● RECORDS FOR THIS EXERCISE:
==================================================

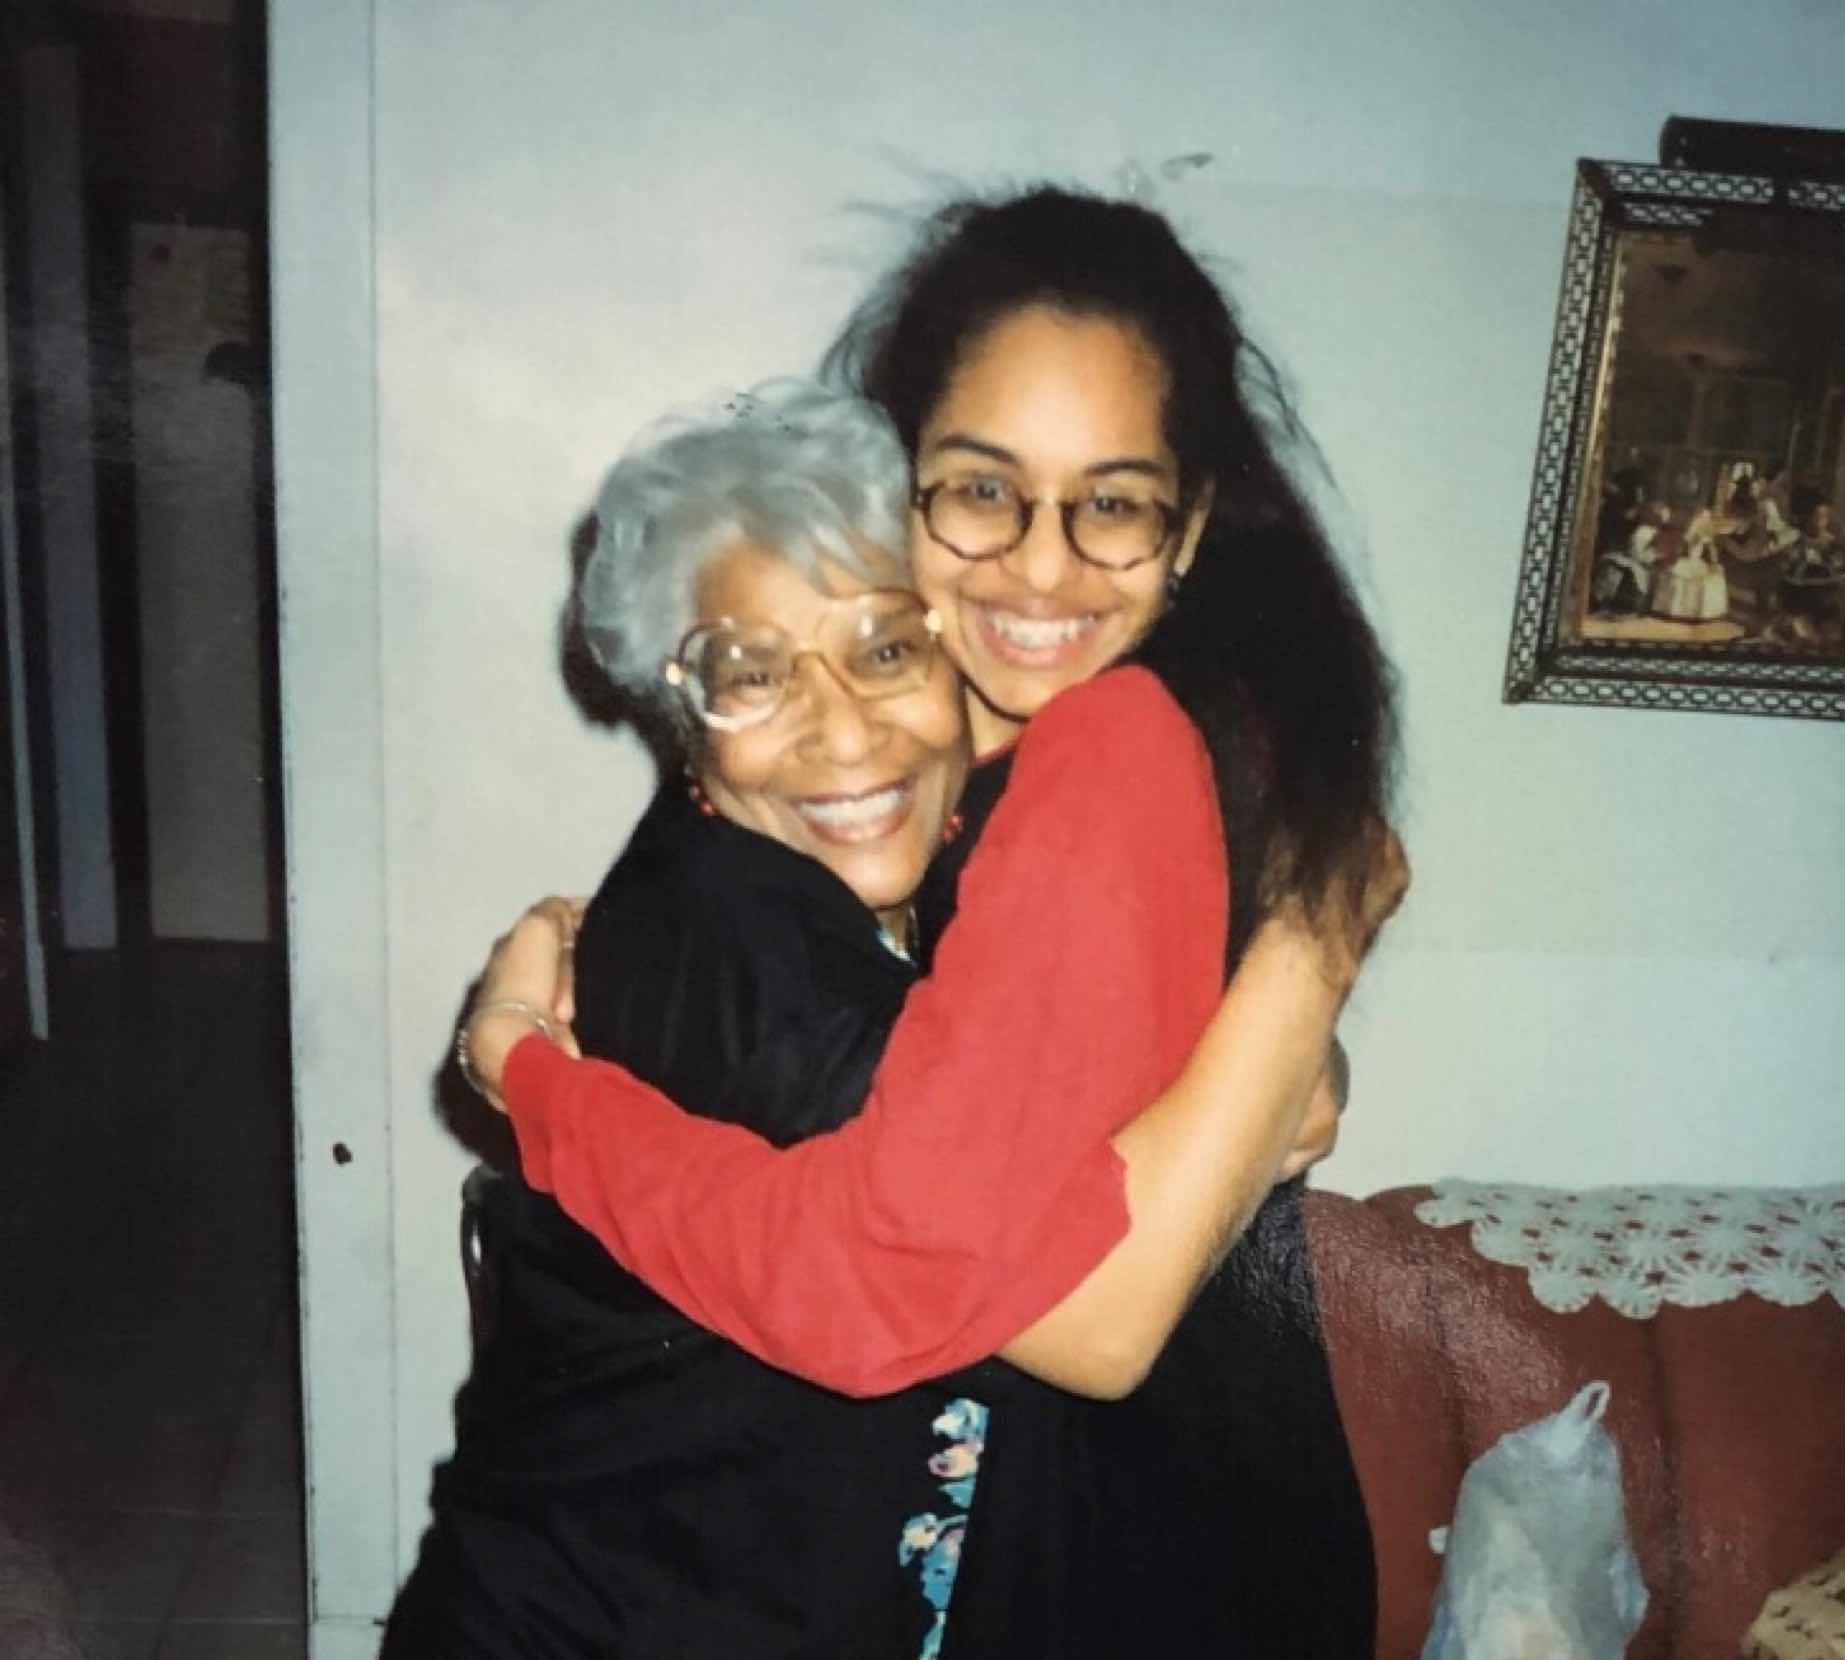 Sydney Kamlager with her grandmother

==================================================

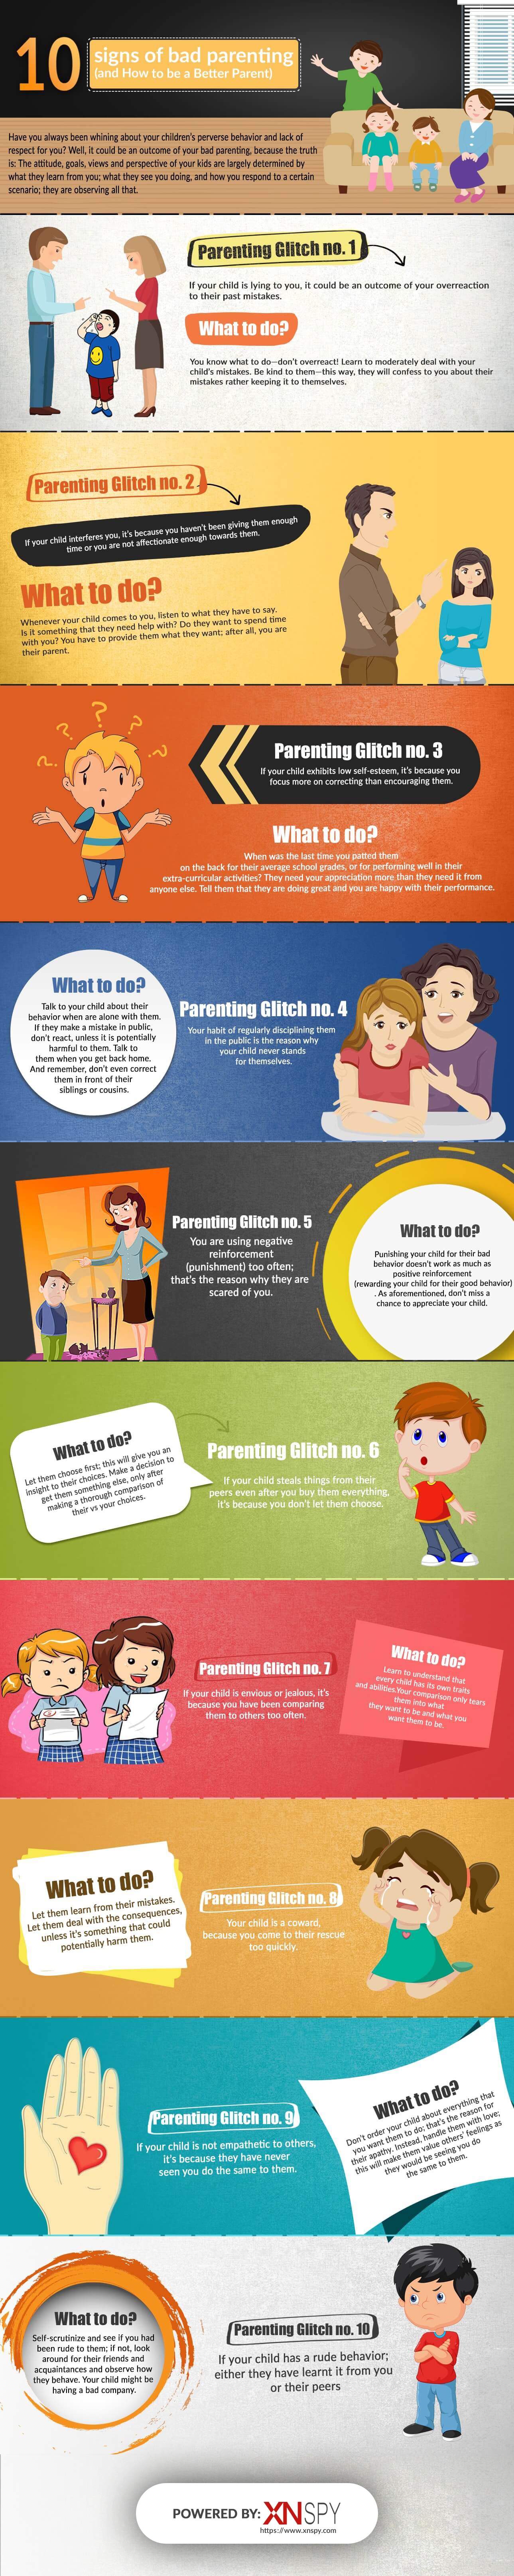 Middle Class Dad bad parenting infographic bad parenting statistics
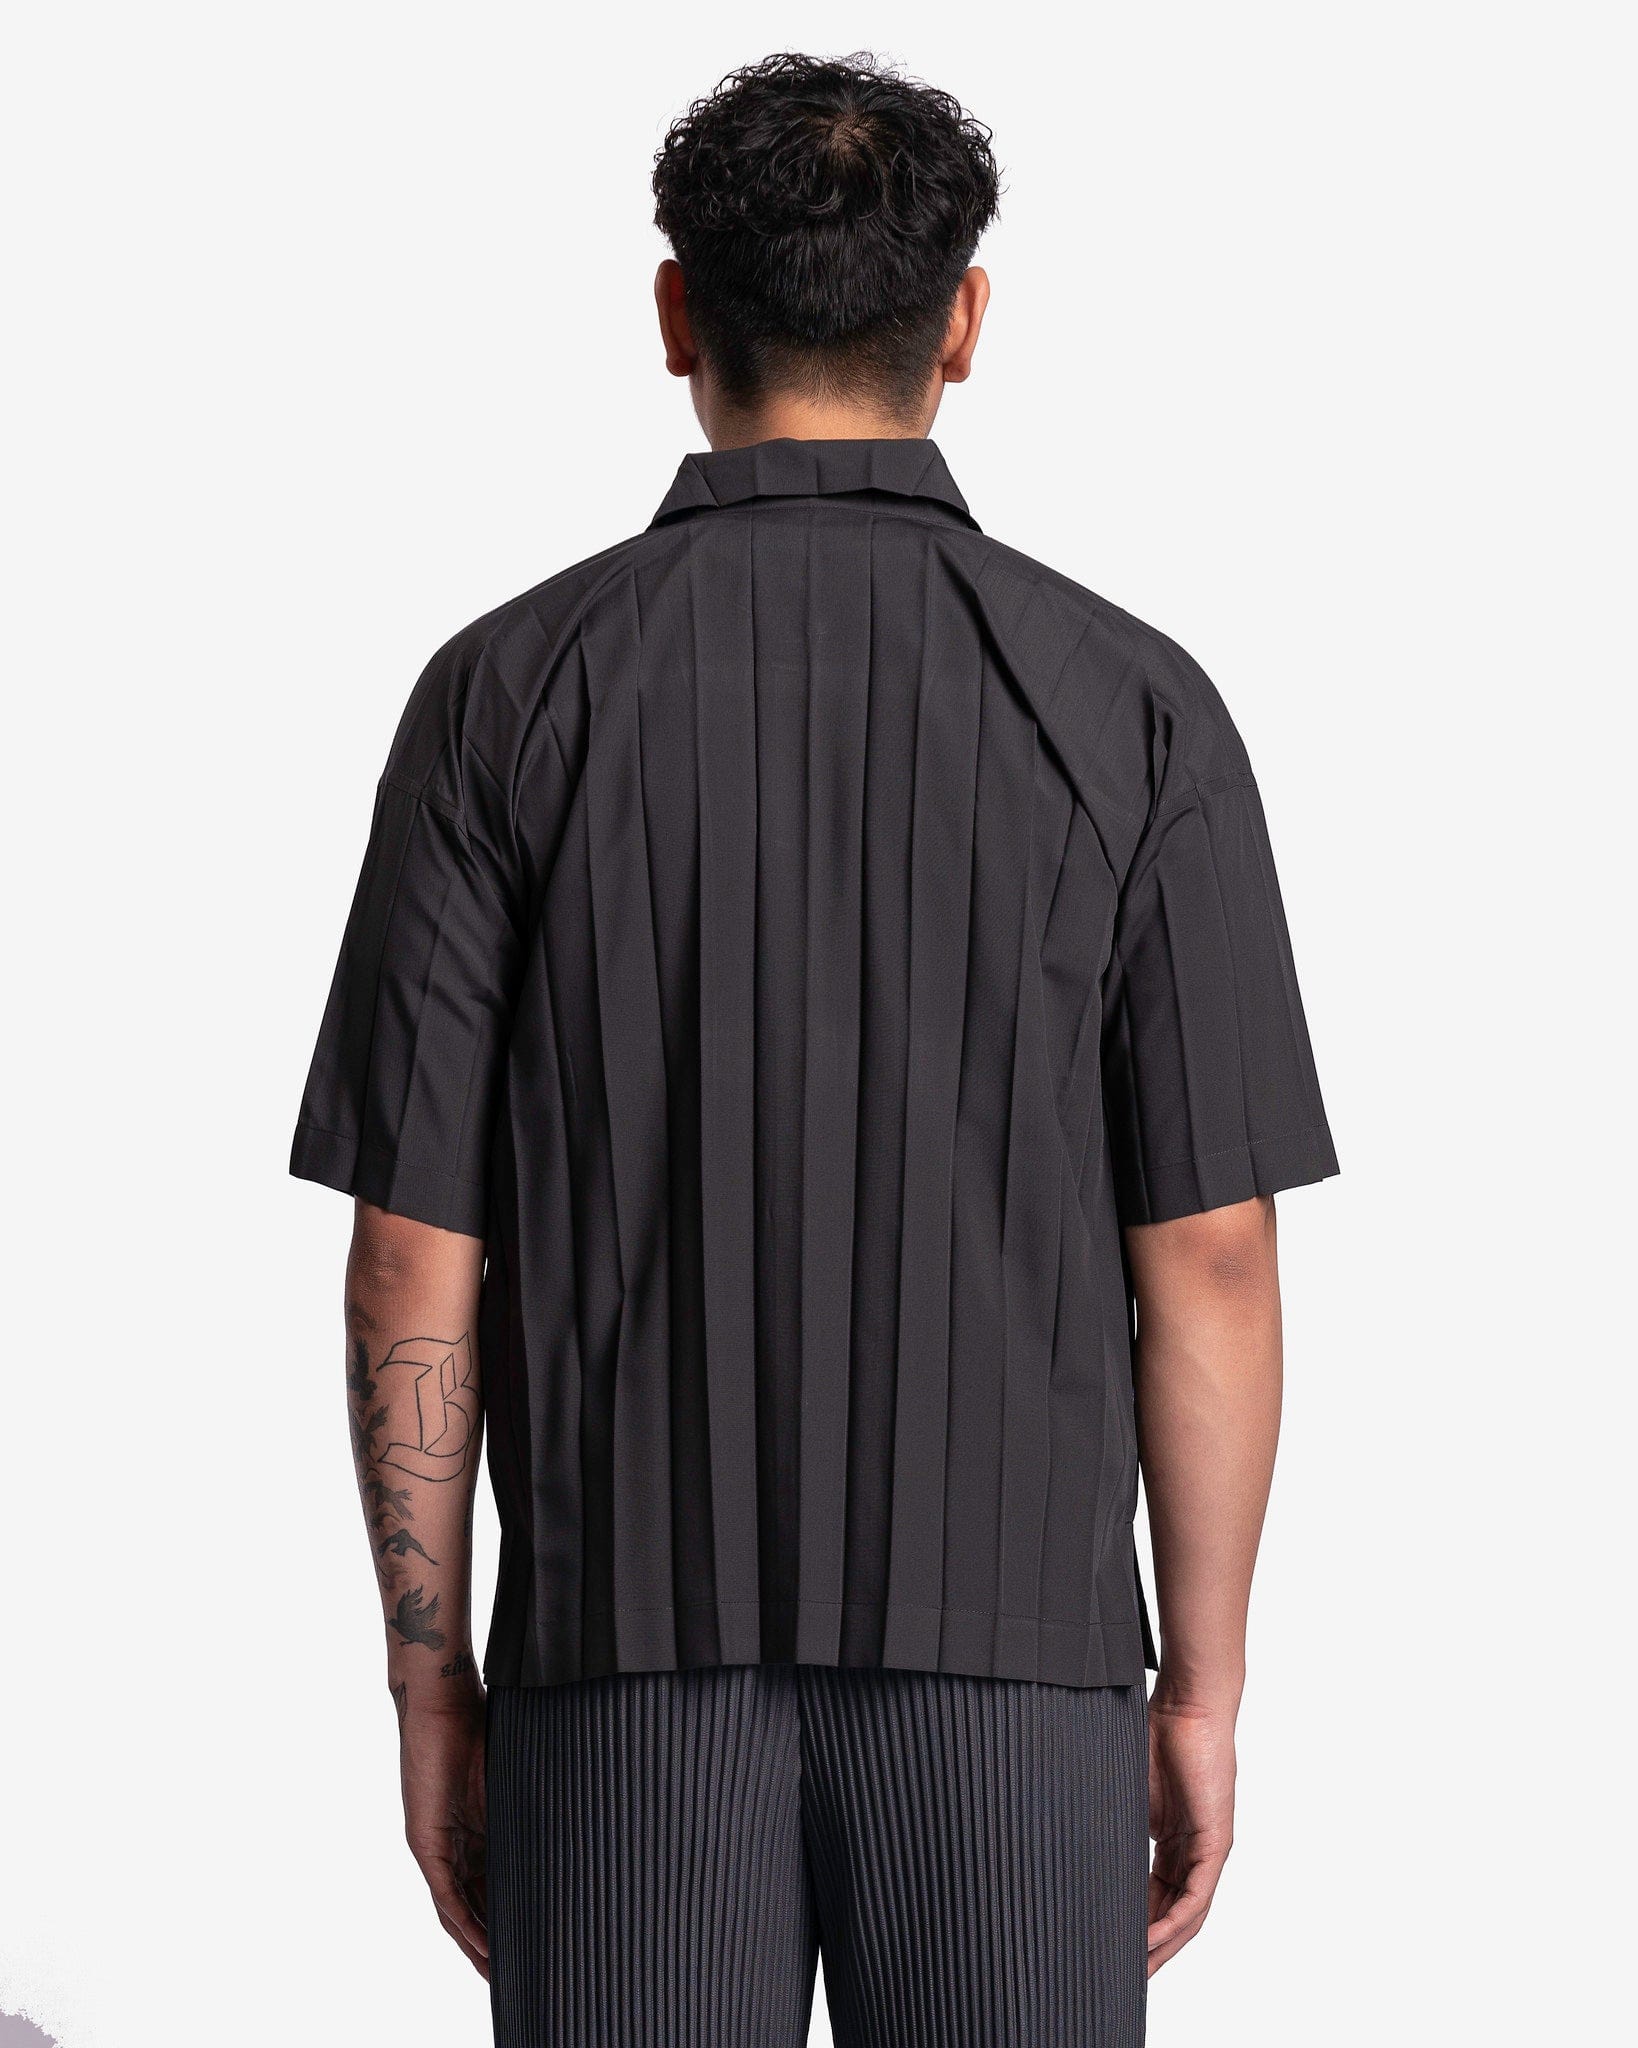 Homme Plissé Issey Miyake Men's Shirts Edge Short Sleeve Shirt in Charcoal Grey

==================================================

● TASK REQUIREMENTS: When copying from the data above, print only the lines from the line containing "Middle Class Dad" to the line containing "Homme Plissé Issey", exactly, and leave the pictures out.

● ANSWER BELOW:
 Middle Class Dad bad parenting infographic bad parenting statistics
 Homme Plissé Issey Miyake Men's Shirts Edge Short Sleeve Shirt in Charcoal Grey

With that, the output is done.